UDJ - MaxCompute - Alibaba Cloud ドキュメントセンター

MaxCompute introduces user defined join (UDJ) to the user-defined function (UDF) framework based on the MaxCompute V2.0 compute engine. UDJ allows more user-defined operations by flexibly joining tables and simplifies MapReduce-based operations in the underlying distributed system.

Background information

MaxCompute provides multiple built-in JOIN methods, including INNER JOIN, RIGHT JOIN, OUTER JOIN, LEFT JOIN, FULL JOIN, SEMI JOIN, and ANTI-SEMI JOIN. You can use the built-in JOIN methods in most scenarios. However, these methods are insufficient if you want to perform cross join operations.

In most cases, you can use UDFs to describe your code framework. However, the current UDF, user-defined table-valued function (UDTF), and user-defined aggregate function (UDAF) frameworks can only handle one table at a time. To perform user-defined operations for multiple tables, you must use built-in JOIN methods, UDFs, UDTFs, and complex SQL statements. In such scenarios, you must use a custom MapReduce framework instead of SQL to complete the required computing tasks.
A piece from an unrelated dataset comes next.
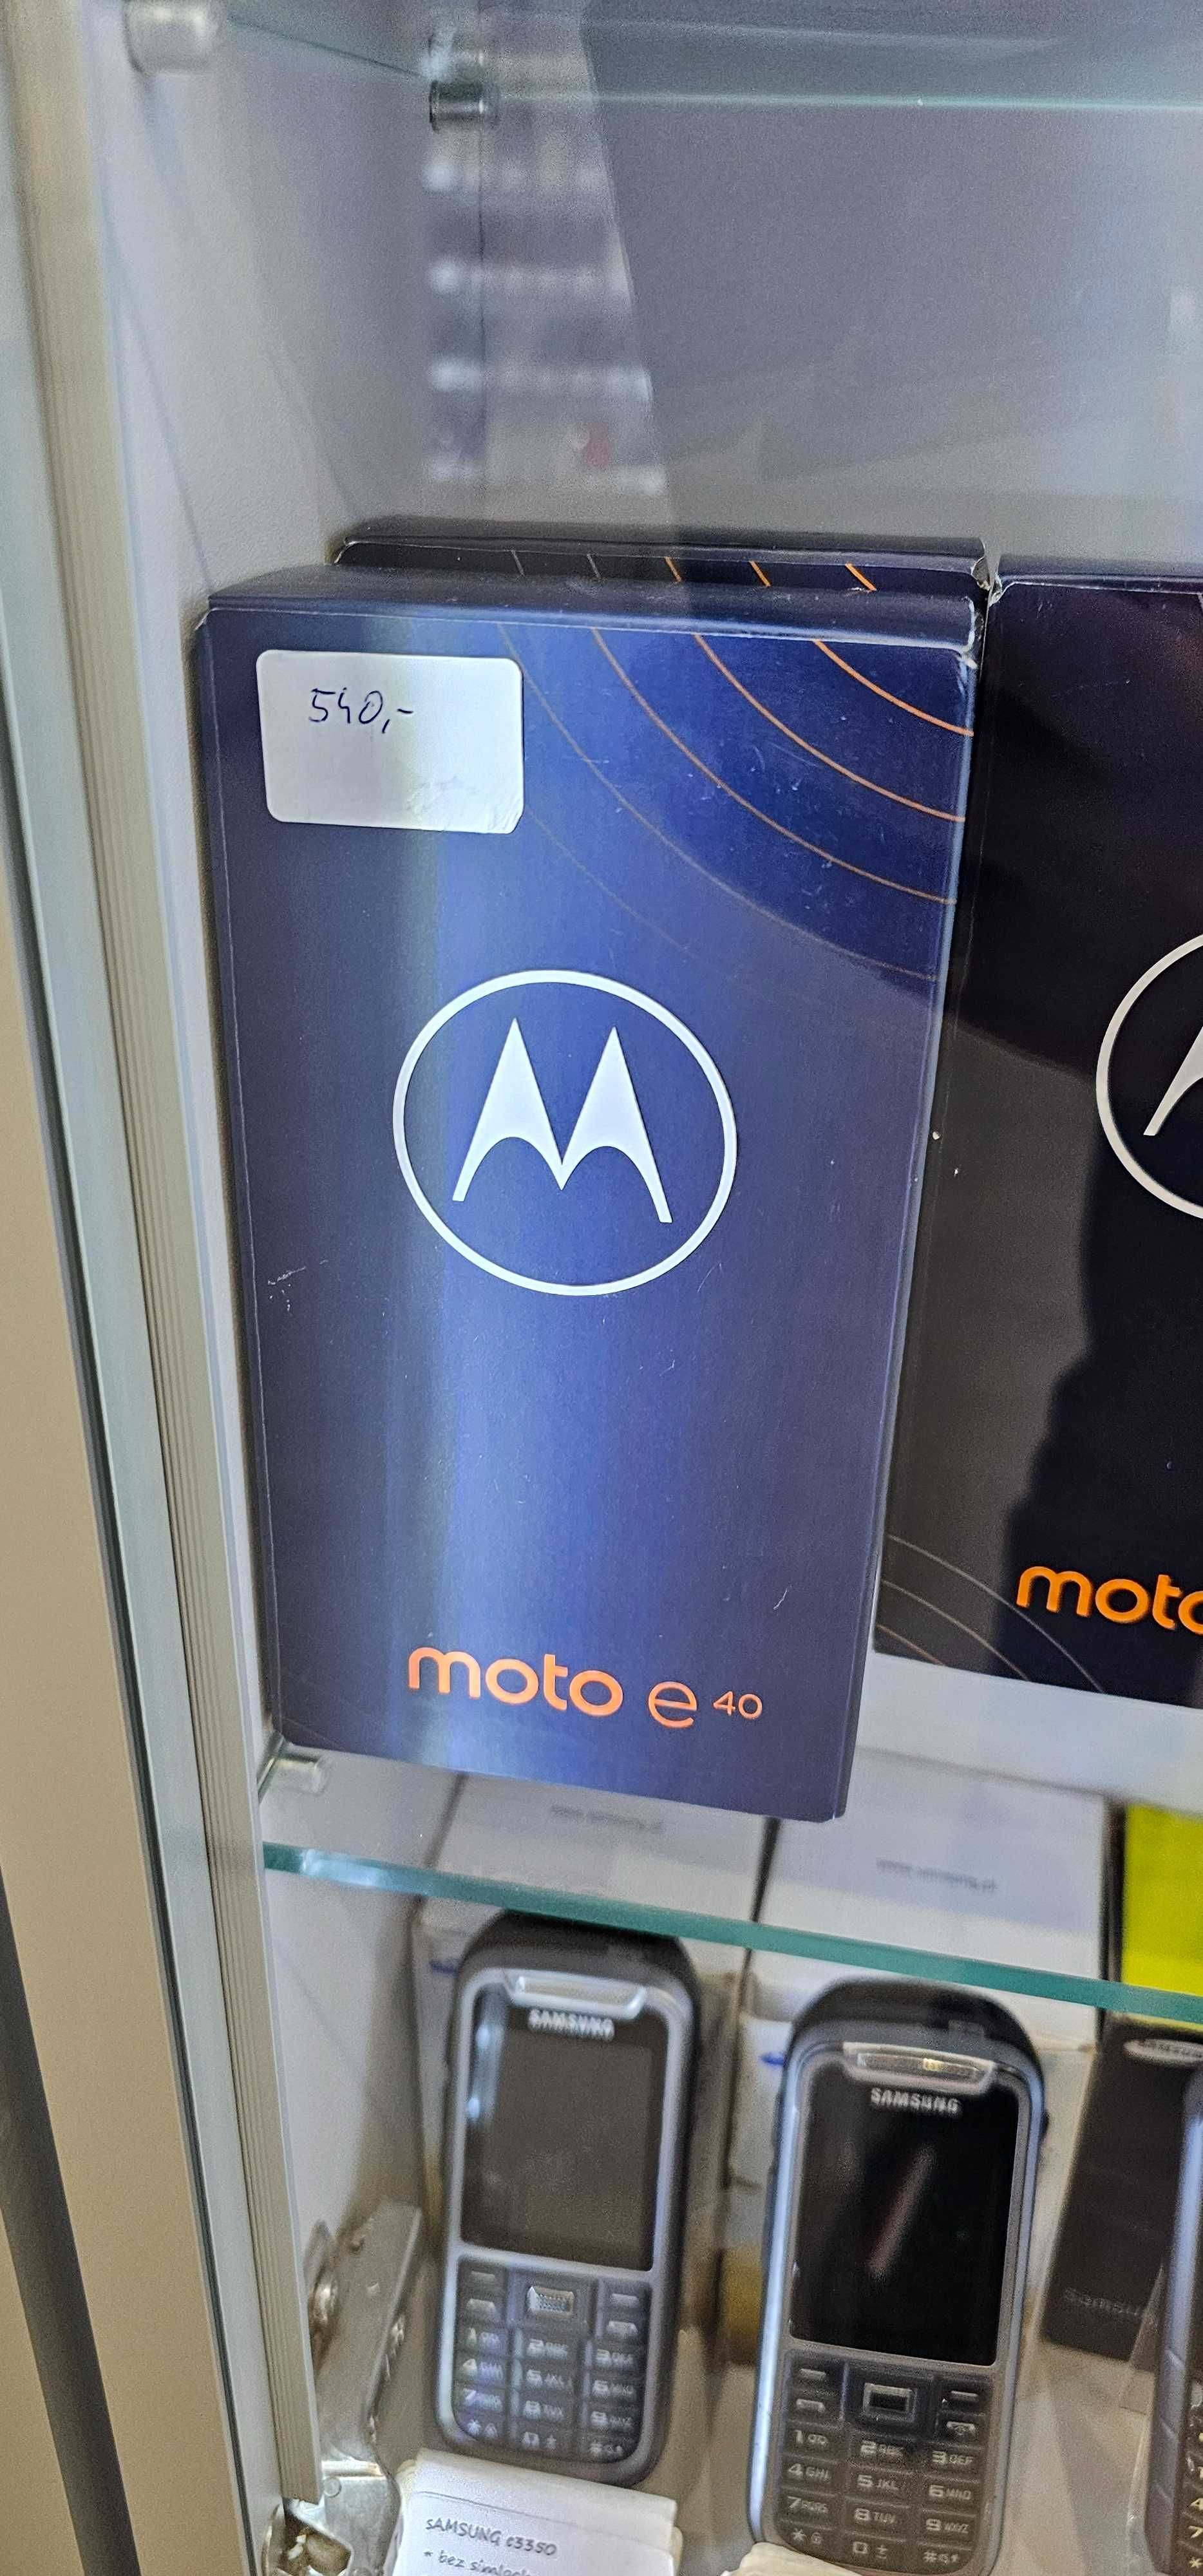 Nowa Motorola E40 komplet, gwarancja, sklep fv23%
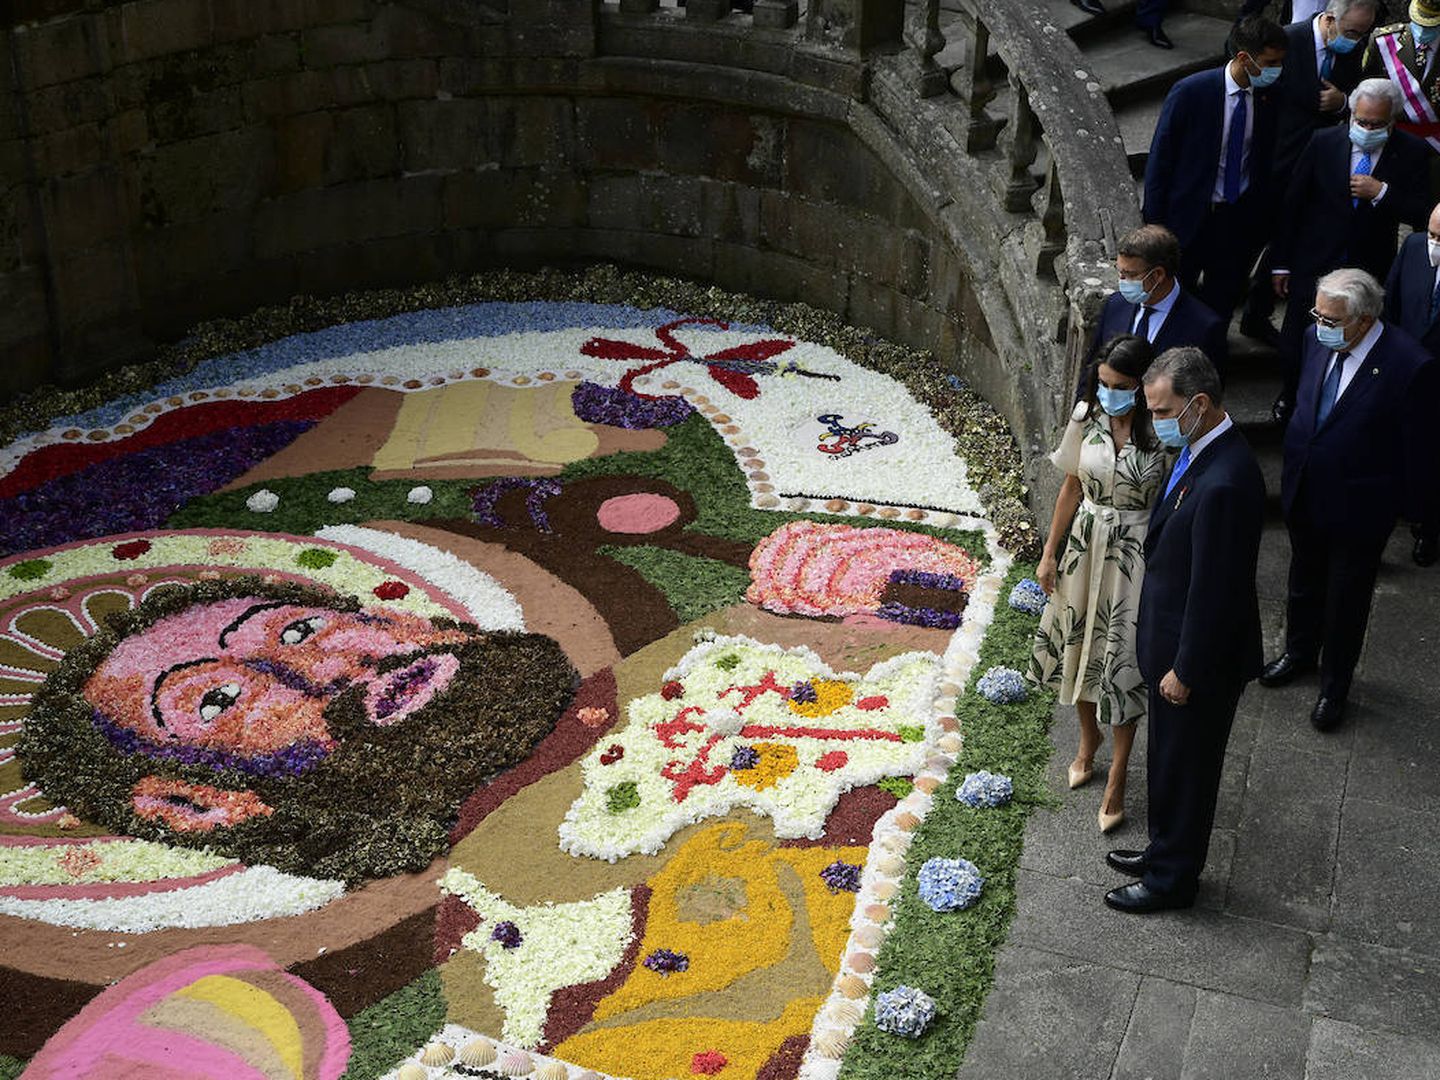 Los Reyes observan una de las alfombras florales. (Limited Pictures)

Regardless of the scenario, the operations require technological expertise and may cause the following issues:

In scenarios where you use built-in JOIN methods, UDFs, UDTFs, and complex SQL statements: The use of multiple JOIN methods and code in SQL statements results in a logical black box, which causes difficulties in generating an optimal execution plan.
In scenarios where you use a custom MapReduce framework: Execution plans are hard to optimize. Most of the MapReduce code is written in Java. During the deep optimization of native runtime code, the execution of the MapReduce code is less efficient than the execution of the MaxCompute code that is generated by the Low Level Virtual Machine (LLVM) code generator.

Limits

You cannot use UDFs, UDAFs, or UDTFs to read data from the following types of tables:

Table on which schema evolution is performed
Table that contains complex data types
Table that contains JSON data types
Transactional table

UDJ performance

A real online MapReduce job is used as an example to verify the performance of UDJ. The job runs based on a complex algorithm. In this example, two tables are joined, UDJ is used to rewrite the MapReduce job, and the correctness of the UDJ results is checked. The following figure shows the MapReduce and UDJ performance under the same data concurrency.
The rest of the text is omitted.